WACC Calculator
Calculate the Weighted Average Cost of Capital with our free WACC calculator. Enter equity and debt values, their respective costs, and the corporate tax rate to find the blended cost of capital used for DCF valuations and investment decisions.
The Weighted Average Cost of Capital (WACC) represents the average rate a company pays to finance its assets, weighted by the proportion of each capital source. The formula is: WACC = (E/V) x Re + (D/V) x Rd x (1-T), where E is equity value, D is debt value, V is total capital (E+D), Re is cost of equity, Rd is cost of debt, and T is the tax rate.
Debt financing gets a tax benefit because interest expense is tax-deductible. This makes the after-tax cost of debt lower than the stated interest rate.
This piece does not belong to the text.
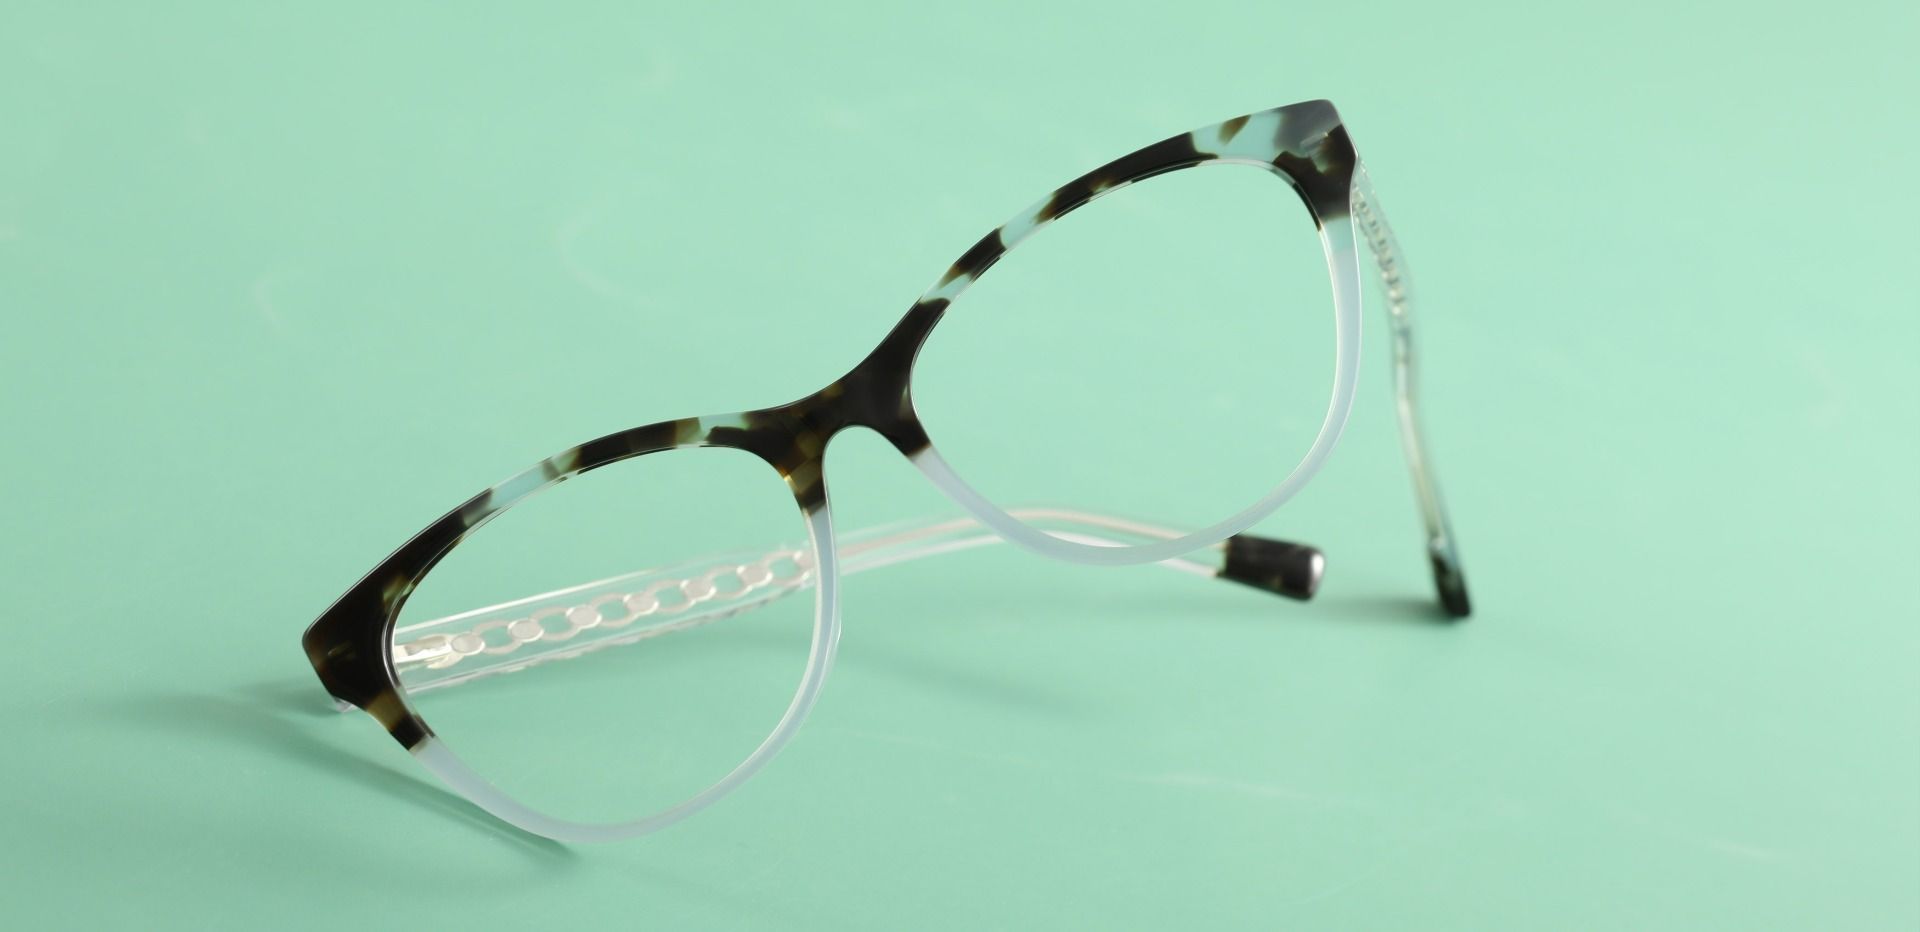 Knoxville Cat Eye Prescription Glasses - Two
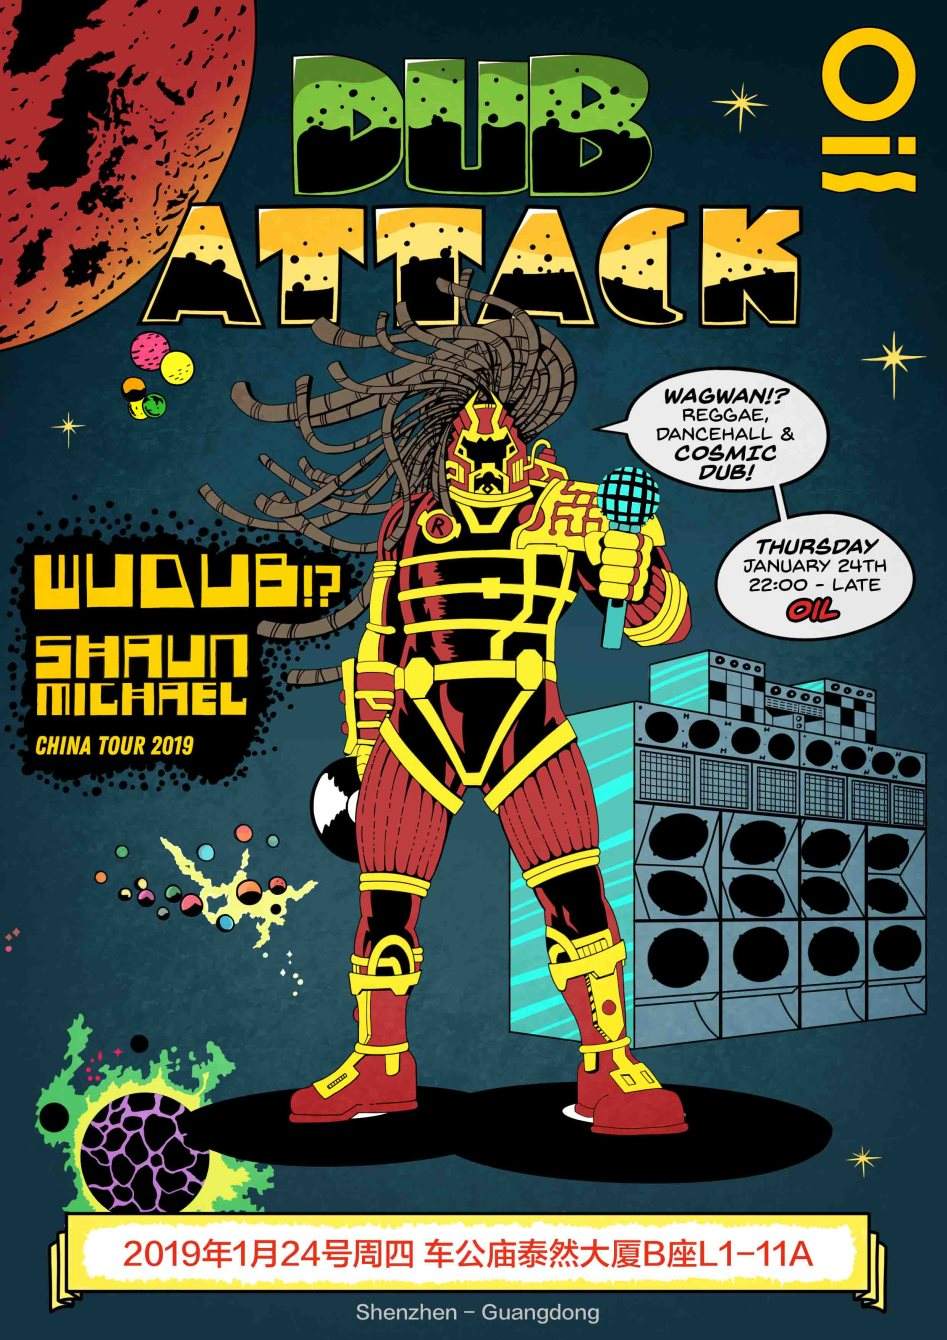 Dub Attack Pres. Wudub - Flyer front

For example, at a 6% interest rate and 21% tax rate, the after-tax cost of debt is only 4.74%. This tax shield is one reason companies use debt financing despite the added risk.
WACC is the standard discount rate used in Discounted Cash Flow (DCF) valuations and is the hurdle rate for capital budgeting decisions. A project should only be accepted if its expected return exceeds the WACC. Most large companies have WACC between 7-12%. Lower WACC allows a company to take on projects with lower returns, creating a competitive advantage in acquisitions and capital allocation.